Однажды в овсяном поле мы набрели на тетеревиный выводок. Старая мать-тетерка, подобрав под крылья маленьких тетеревят, сидела в высокой траве. Маленькие тетеревята-поршки вылетели почти из-под самых ног и тут же расселись на закачавшихся под их тяжестью ольховых кустах. Старая тетерка, стараясь отвести от выводка собаку, притворилась больной и, громко квохча, низко и тихо полетела над овсами.
Носившаяся по полю собака ни малейшего внимания не обратила на вылетевших птиц. На Месте, где сидели в примятой траве тетерева, лежали червячки теплого птичьего помета и тетеревиные перышки. Здесь, казалось, я сам, своим человеческим носом, чуял горячий запах дичи.
Я подвел к тетеревиной сидке собаку, заставил понюхать, но она не обратила на птиц никакого внимания. Сколько ни старался я показывать ей сидевших На ветвях молодых тетеревят, она, не понимая меня, продолжала носиться по полю, как бы разыскивая подложенные мною лакомые кусочки.
Принимаясь за обучение в поле, я знал, что многие молодые собаки, особенно английские сеттера, на охоте принимаются не сразу, и решил терпеливо работать. Но сколько я ни старался - дело не двигалось. Малинка по-прежнему носилась по полю, ни малейшего внимания не обращая на птиц, вылетавших из-под самого ее носа.
Обеспокоенный неудачей, я написал своему приятелю, старому и опытному охотнику, прося у него доброго совета.
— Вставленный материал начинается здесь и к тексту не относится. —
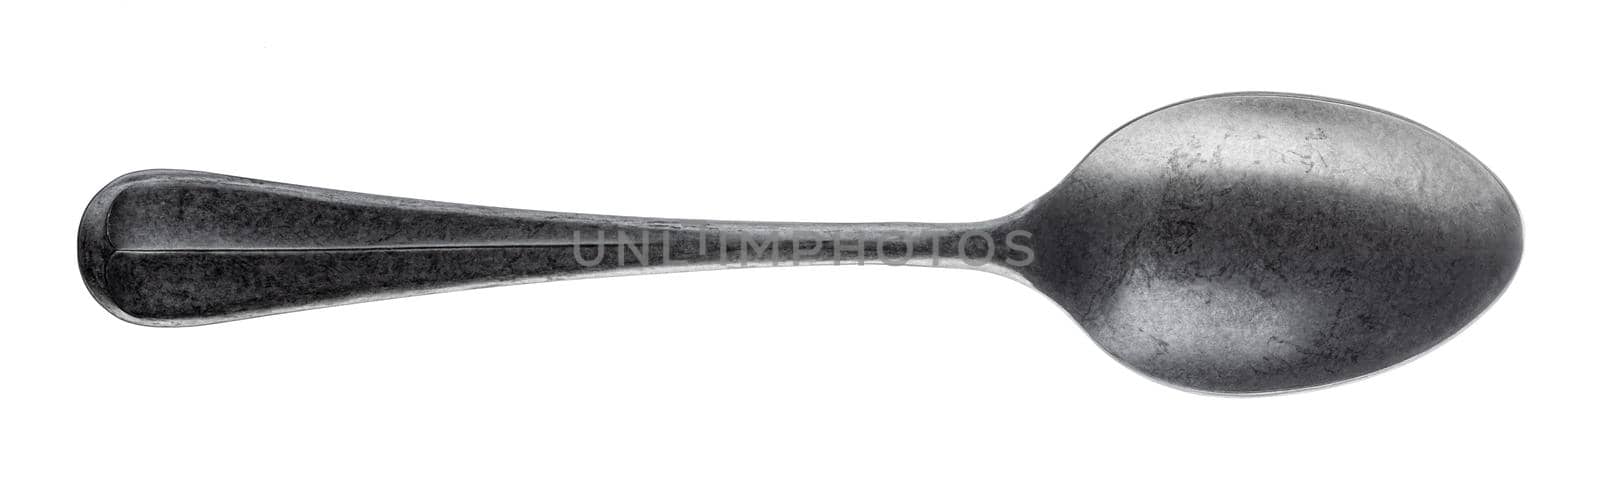 Plastic black spoon isolated on a white background by Fabrikasimf

"Прежде всего не падайте духом и не теряйте терпения, - ответил мне старый охотник. - У каждой кровной охотничьей собаки, если она не испорчена окончательно городским комнатным воспитанием и лежанием на диванах, рано или поздно непременно должна пробудиться охотничья страсть, и дело охотника - помочь пробуждению этой страсти. Попробуйте однажды при ней убить тетерева так, чтобы она все видела, и, если понадобится (хотя это и запрещено правилами натаски), позвольте ей немножечко потрепать убитую птицу..."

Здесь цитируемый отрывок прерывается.